We report a case of a healthy, young male veteran who presented with asymptomatic, chronic type-A dissection of a large aortic aneurysm, complicated by severe aortic regurgitation (AR). Several physical signs characteristic of chronic, severe AR were found in this patient.

CASE REPORT

A 29-year-old Caucasian male with history of “heart murmur” diagnosed years prior was evaluated in the cardiology clinic as a referral from his primary care physician. Clinically, he was free of any symptoms even with routine exercise and work-out. He was a former smoker without history of recreational drug use. His past medical history included anxiety and migraine and a family history of “bicuspid aortic valve” with surgery in his paternal uncle (details unclear).

Physical examination showed that the patient was normal in appearance.
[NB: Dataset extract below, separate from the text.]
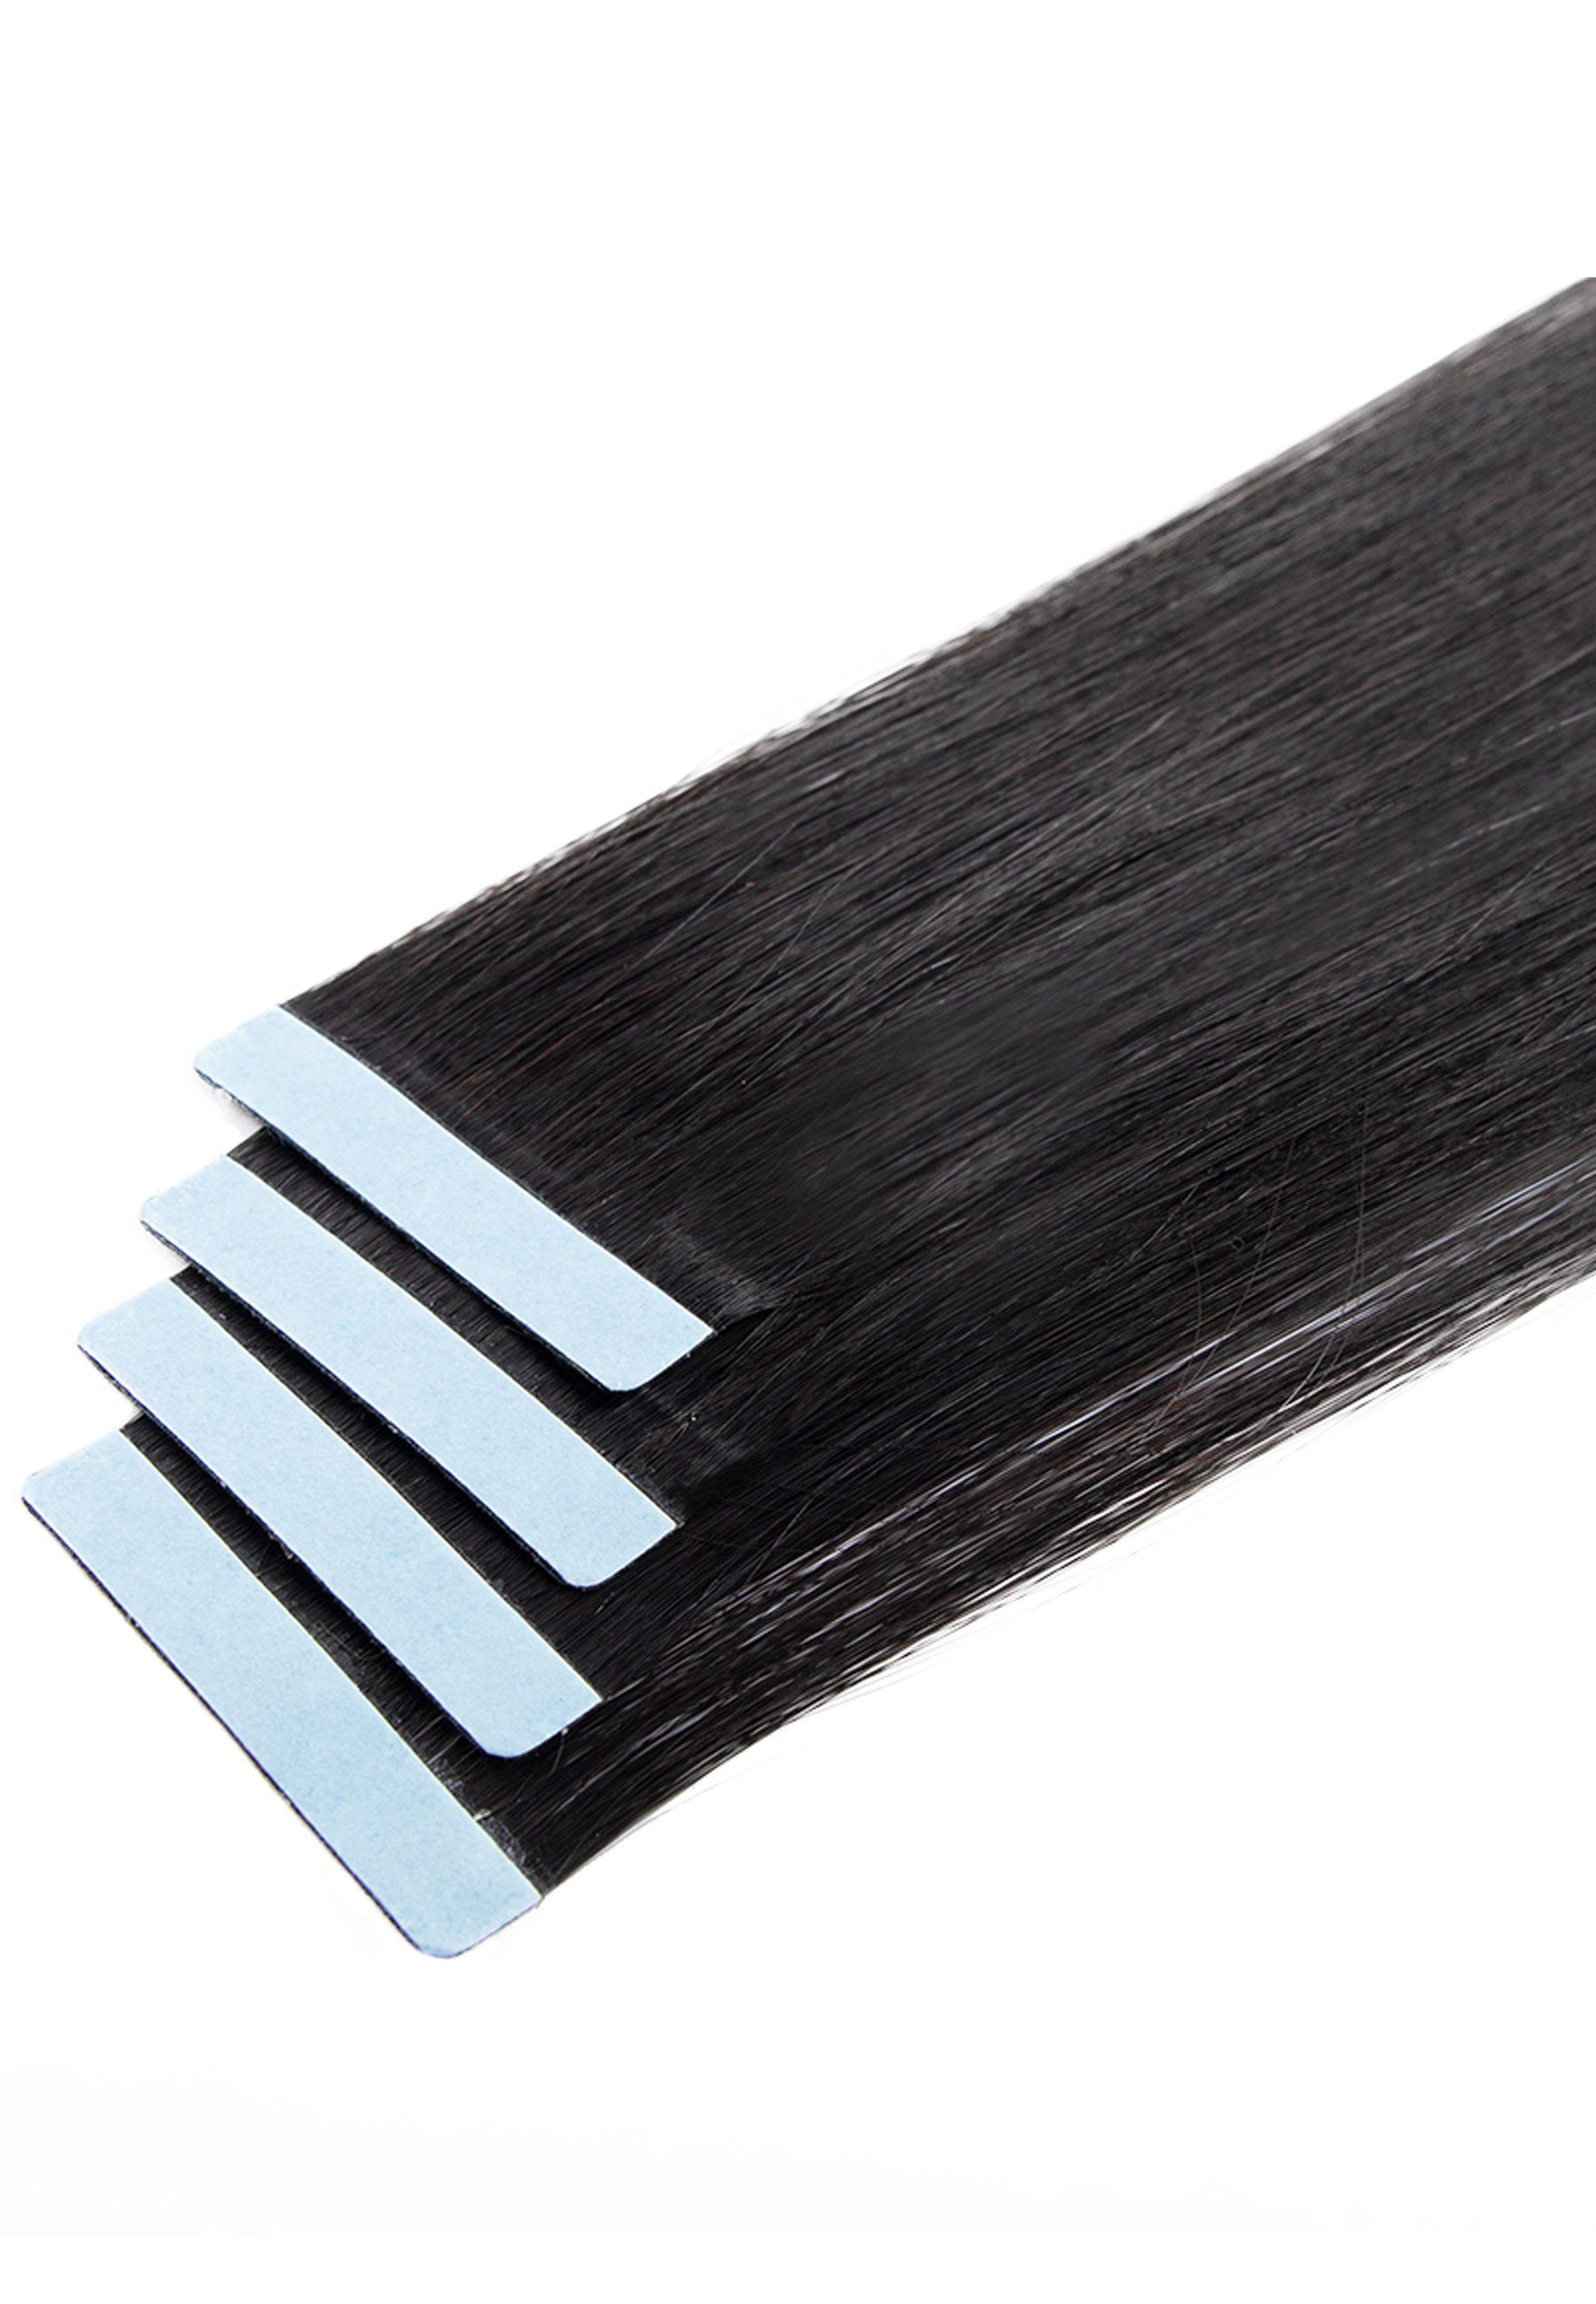 YC Menschenhaar Fashion Echthaar 100 25 cm Double black-50 gr, % #1b natural Hair Echthaar-Extension Remy Drawn Style & On-Extension Skin-Wefts Tape

His weight was 61.6 kg and a height of 69 inches giving a body mass index of 20.02 kg/m2. His vital signs showed a heart rate of 79 beats/minute and blood pressure (BP) of 108/41 mmHg, indicating a widened pulse pressure of 67 mmHg (normal range: 30 – 50 mmHg). His radial and femoral artery pulses were present and equal on both sides. Cardiac examination showed a laterally displaced apical pulse by palpation and a loud, harsh systolic murmur and a 3/6 diastolic rumbling murmur in the precordium by auscultation. Other physical findings of his chronic AR with their respective eponyms were as follows:

Palpation of his radial artery pulse showed rapidly swelling/falling pulse, further accentuated by wrist elevation above his head (Corrigan’s pulse).

In supine position, his brachial BP was measured at 117/53 mmHg compared to his popliteal one at 161/61 mmHg (Hill’s sign).

There was an exaggerated drop of brachial diastolic BP from 49 mmHg (BP: 109/49) in sitting and normal arm position to 36 mmHg (BP: 97/36) when the arm was raised to shoulder height (Mayne’s sign).

Visual examination of his thumb nail showed exaggerated nail bed pulsation or blanching when tip of nail bed was gently pressured (Quincke’s sign).

Auscultation over his femoral artery revealed a to-and-fro murmur generated by gentle compression of the stethoscope over the artery (Duroziez’s sign).

Transthoracic echocardiogram (TTE) showed a moderately dilatated left ventricle (LV) with LV ejection fraction of 50% and tricuspid aortic valve with severe AR by color-flow Doppler (Figure 1). Both his aortic root and sinuses of Valsalva were severely dilated to 5.6 and 6.8 cm respectively with intimal flaps from aortic dissection in the aortic root (Figures 2 and 3).

Figure 1

Transthoracic echocardiogram image in parasternal view showing severe aortic regurgitation by color flow Doppler.

Figure 2

Transthoracic echocardiogram image in parasternal view of aortic valve in opening position and intimal flap in supravalvular position (both indicated by white arrowheads).

Figure 3

Transthoracic echocardiogram image in 5-chamber view showing severely dilated aortic root with intimal flap mimicking congenital supravalvular membrane.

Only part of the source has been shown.